EXERCISE GOAL:
Please restate every line below exactly, without any pictures.

DATA EXTRACT:
▼

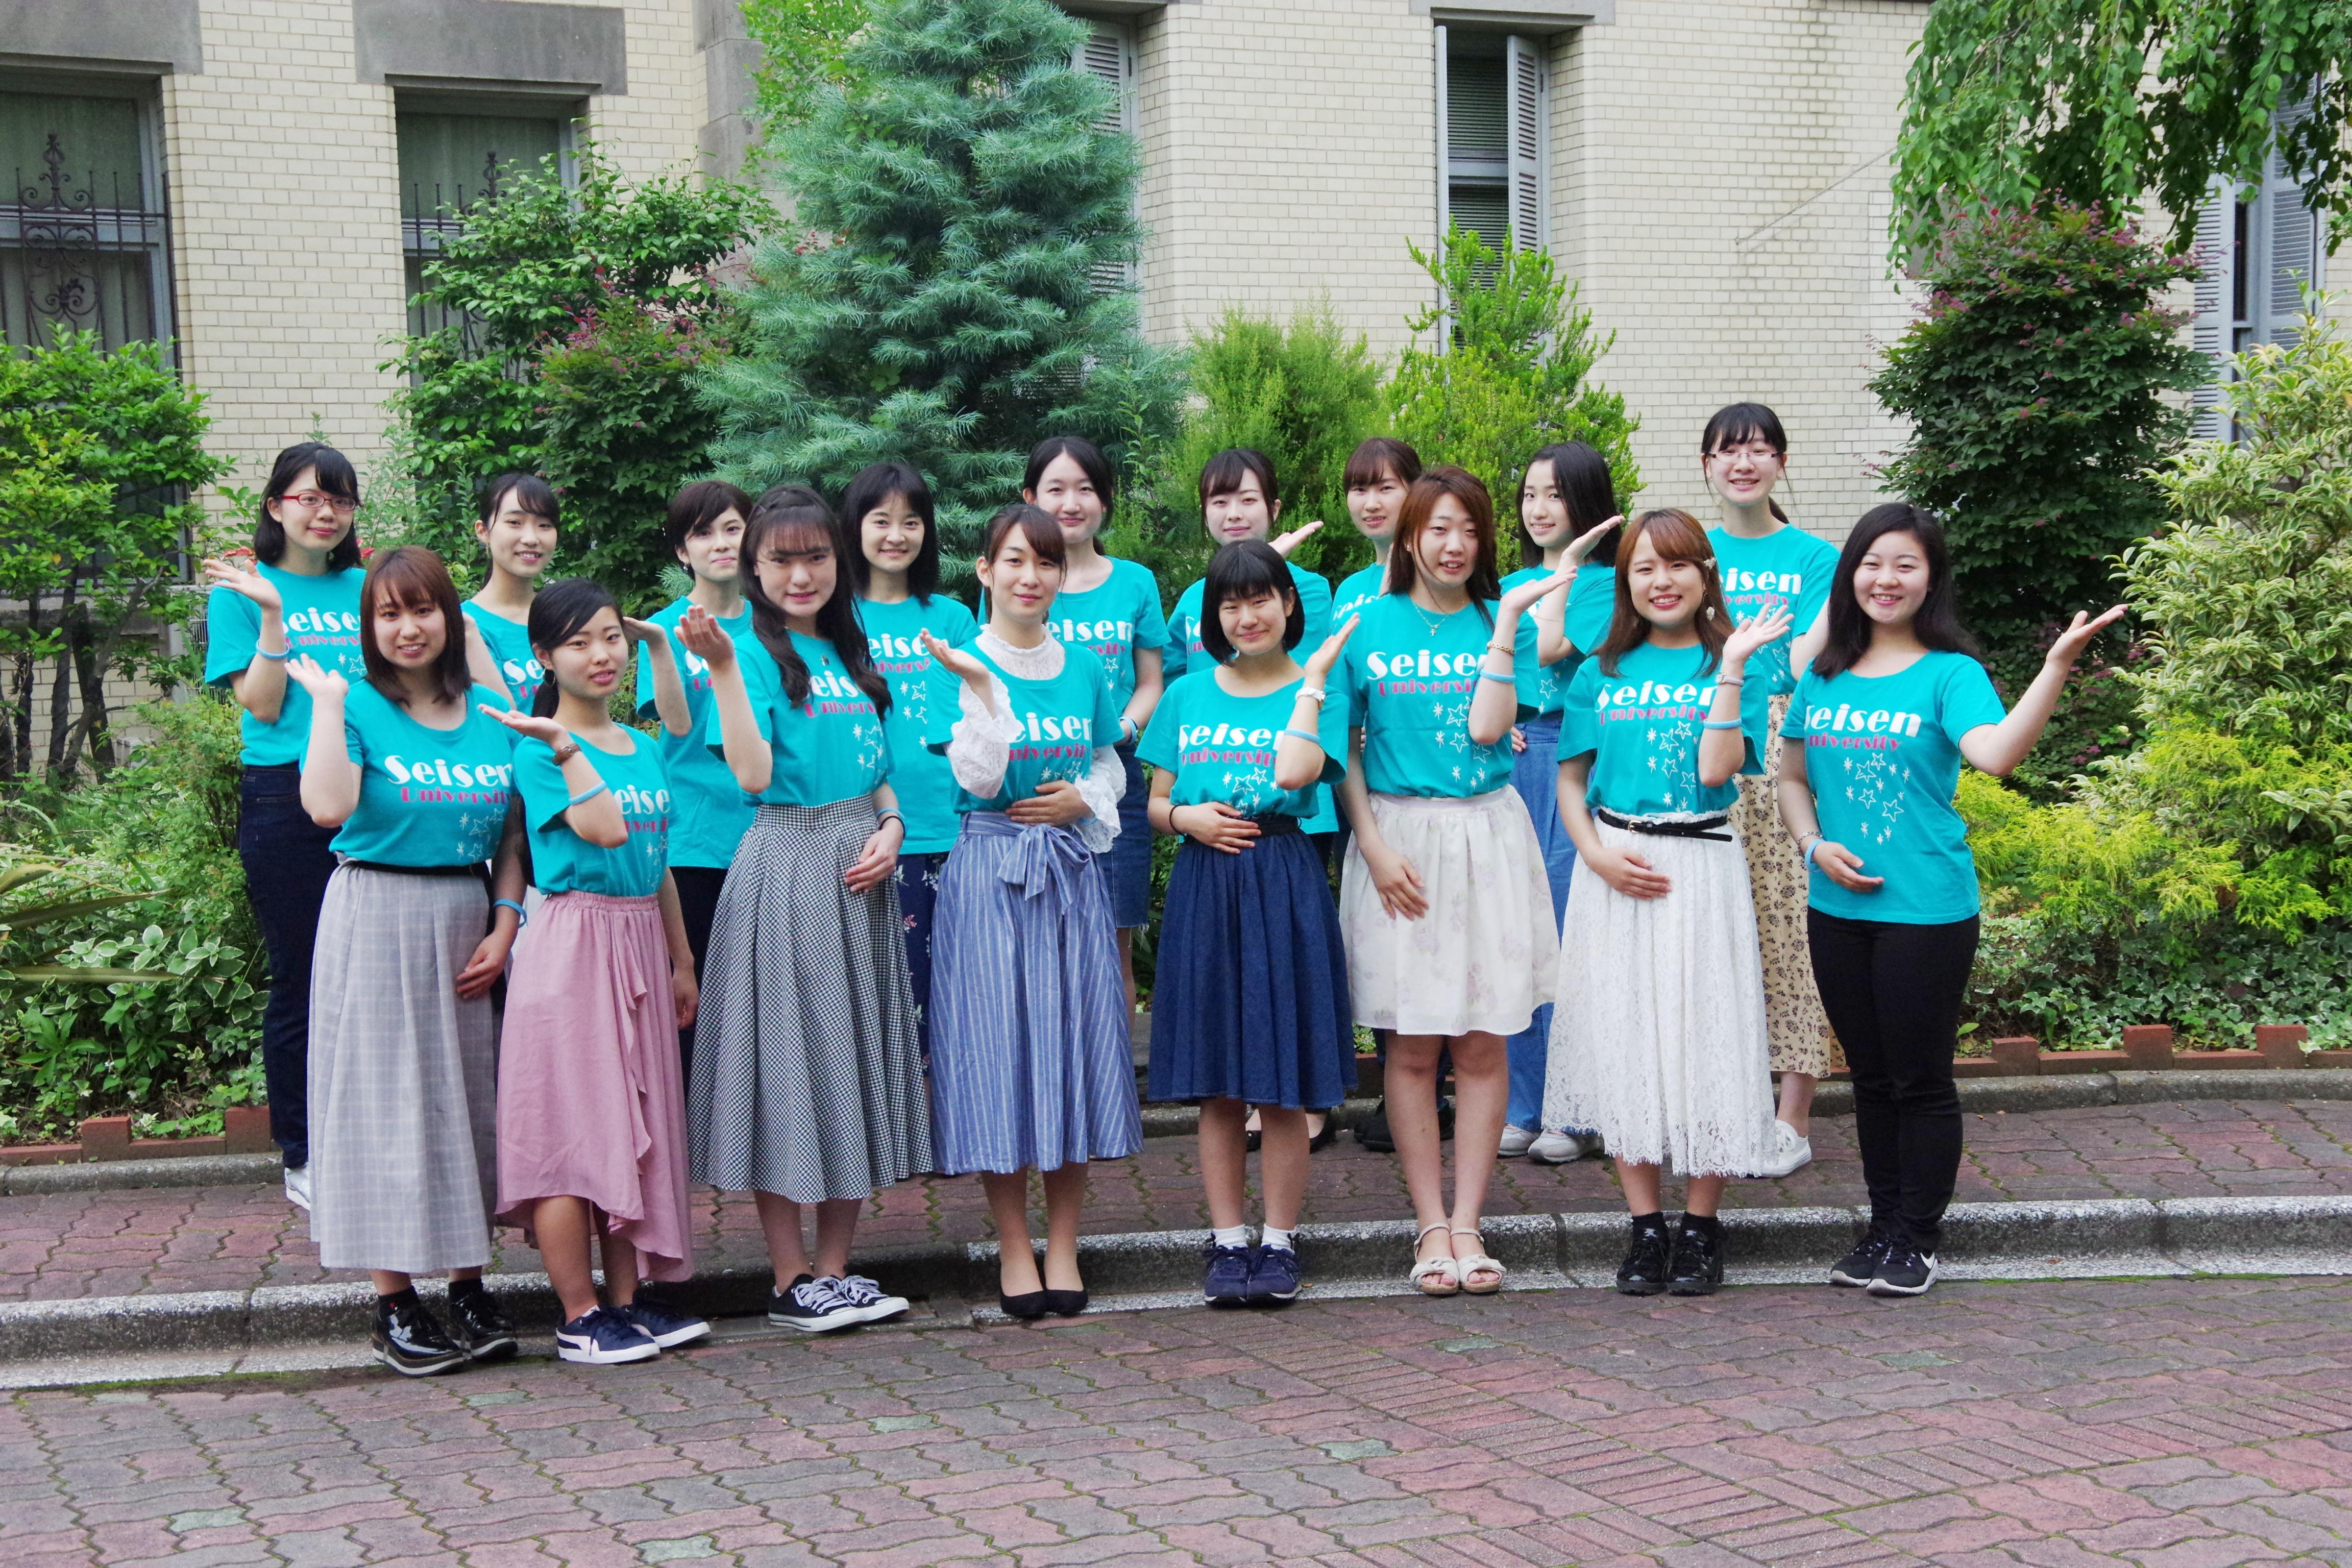 清泉女子大学が7月28日・8月10日にオープンキャンパスを開催 -- 7月28日には小論文対策講座、8月10日には入試アドバイス「英語」を実施
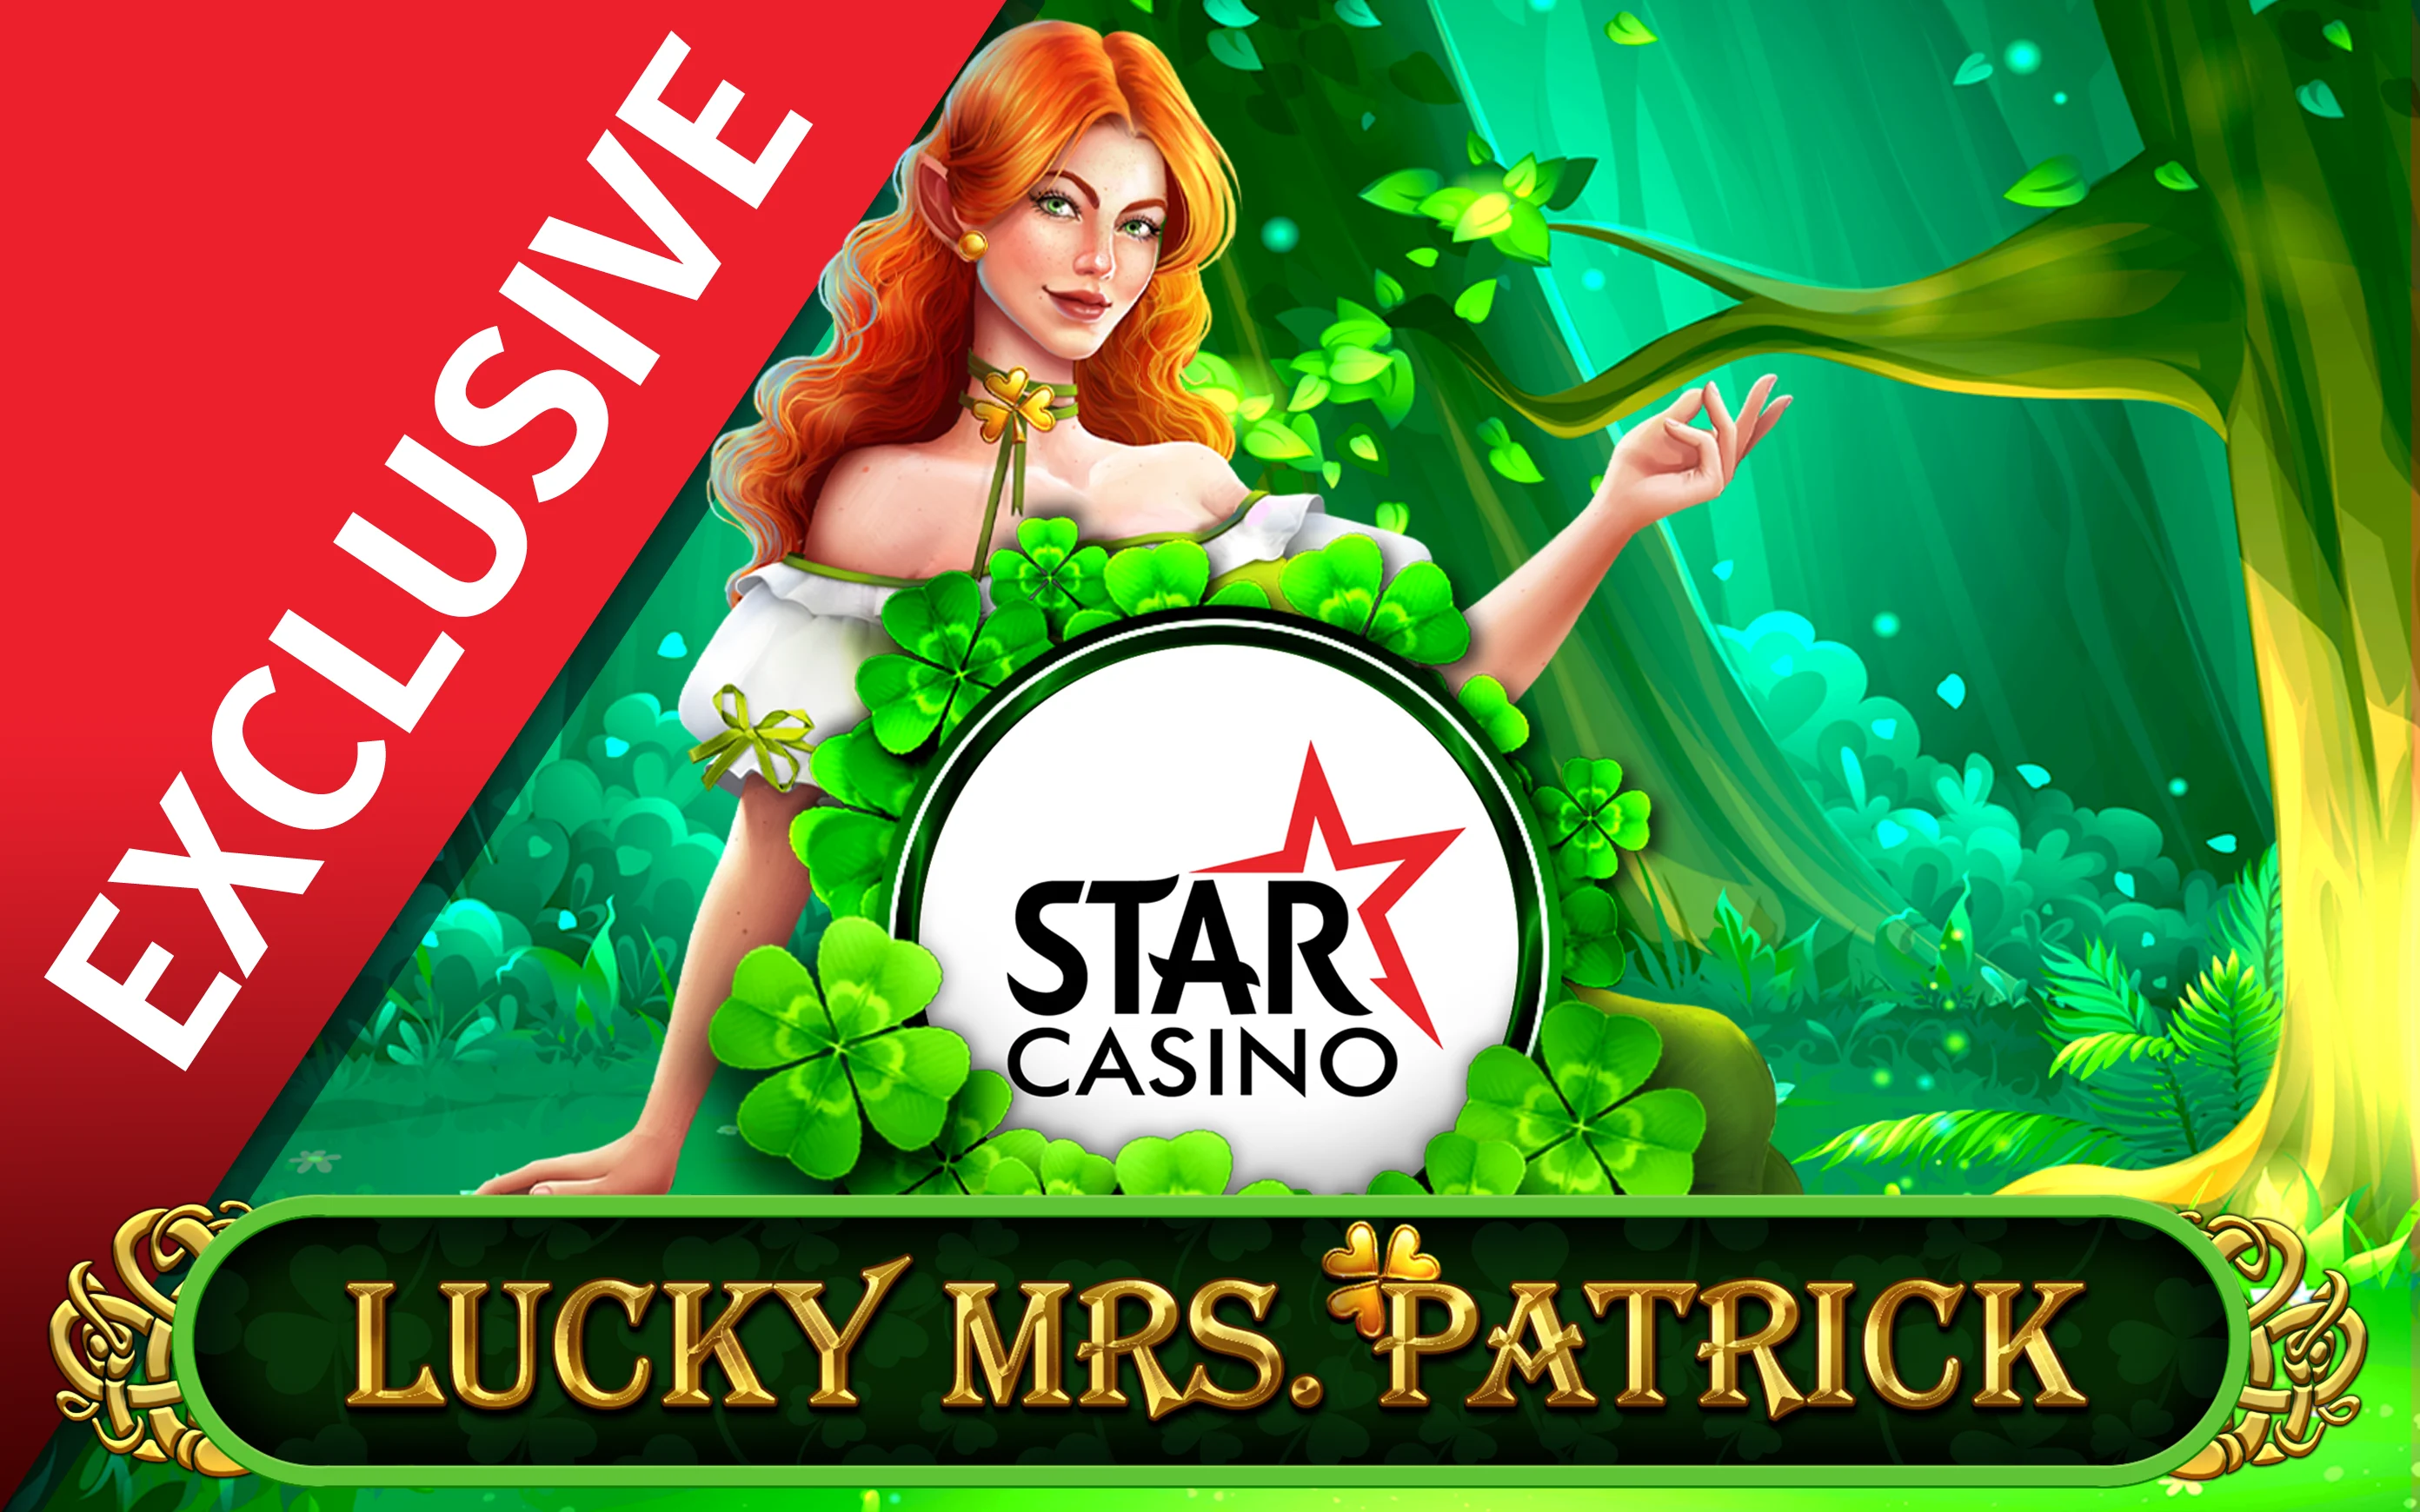 Juega a Starcasino Lucky Mrs Patrick en el casino en línea de Starcasino.be
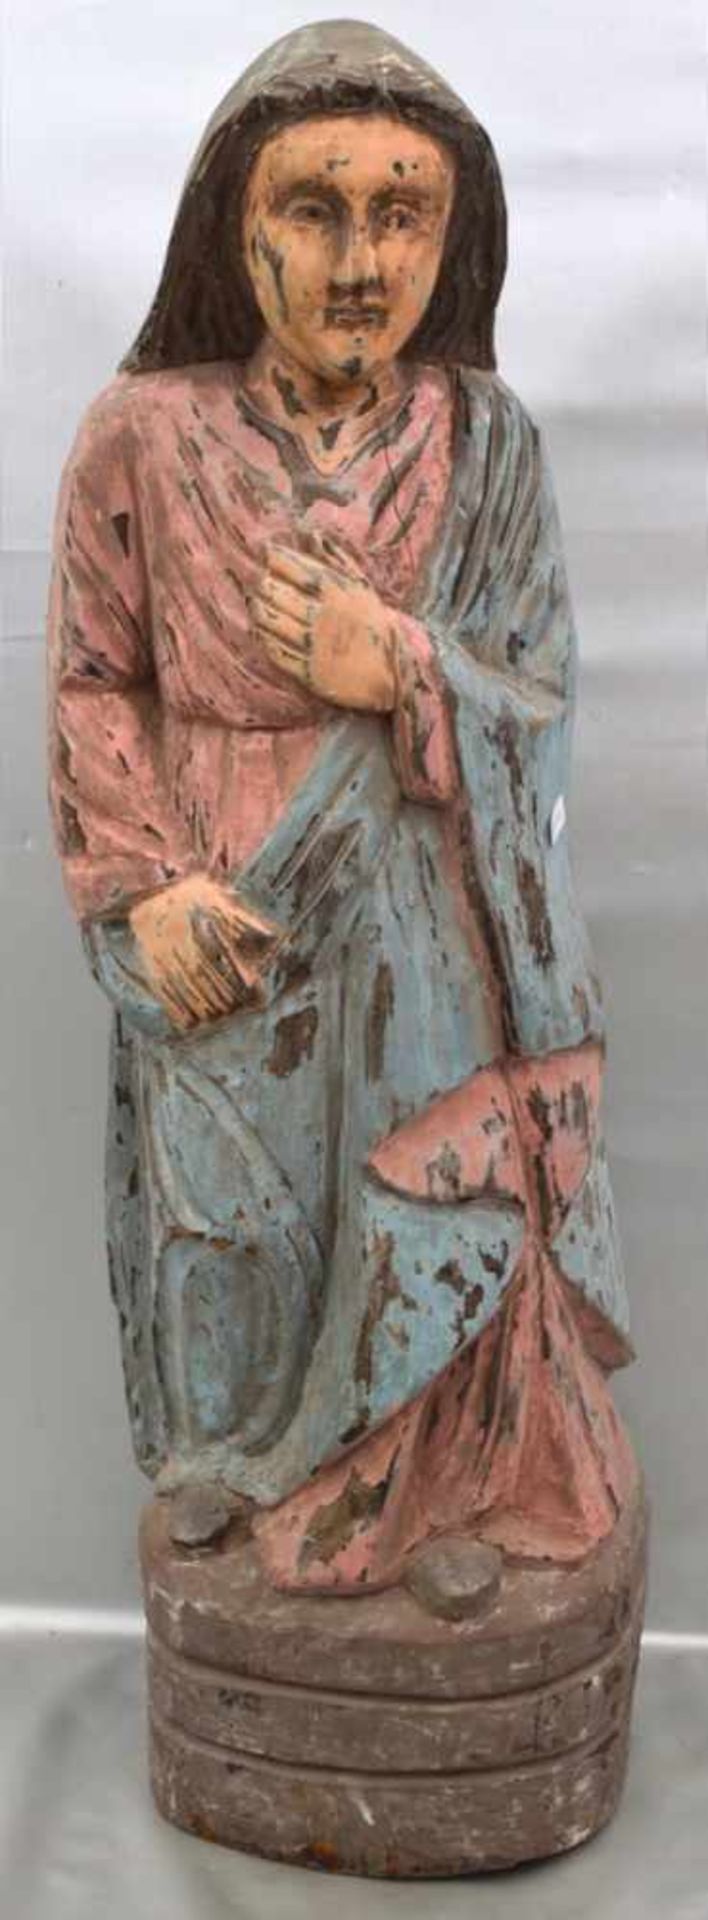 Mutter GottesHartholz, geschnitzt, auf Sockel stehend, bunt bemalt, H 61 cm

▲

WRITTEN RESPONSE:
 清泉女子大学が7月28日・8月10日にオープンキャンパスを開催 -- 7月28日には小論文対策講座、8月10日には入試アドバイス「英語」を実施
 Juega a Starcasino Lucky Mrs Patrick en el casino en línea de Starcasino.be
 Mutter GottesHartholz, geschnitzt, auf Sockel stehend, bunt bemalt, H 61 cm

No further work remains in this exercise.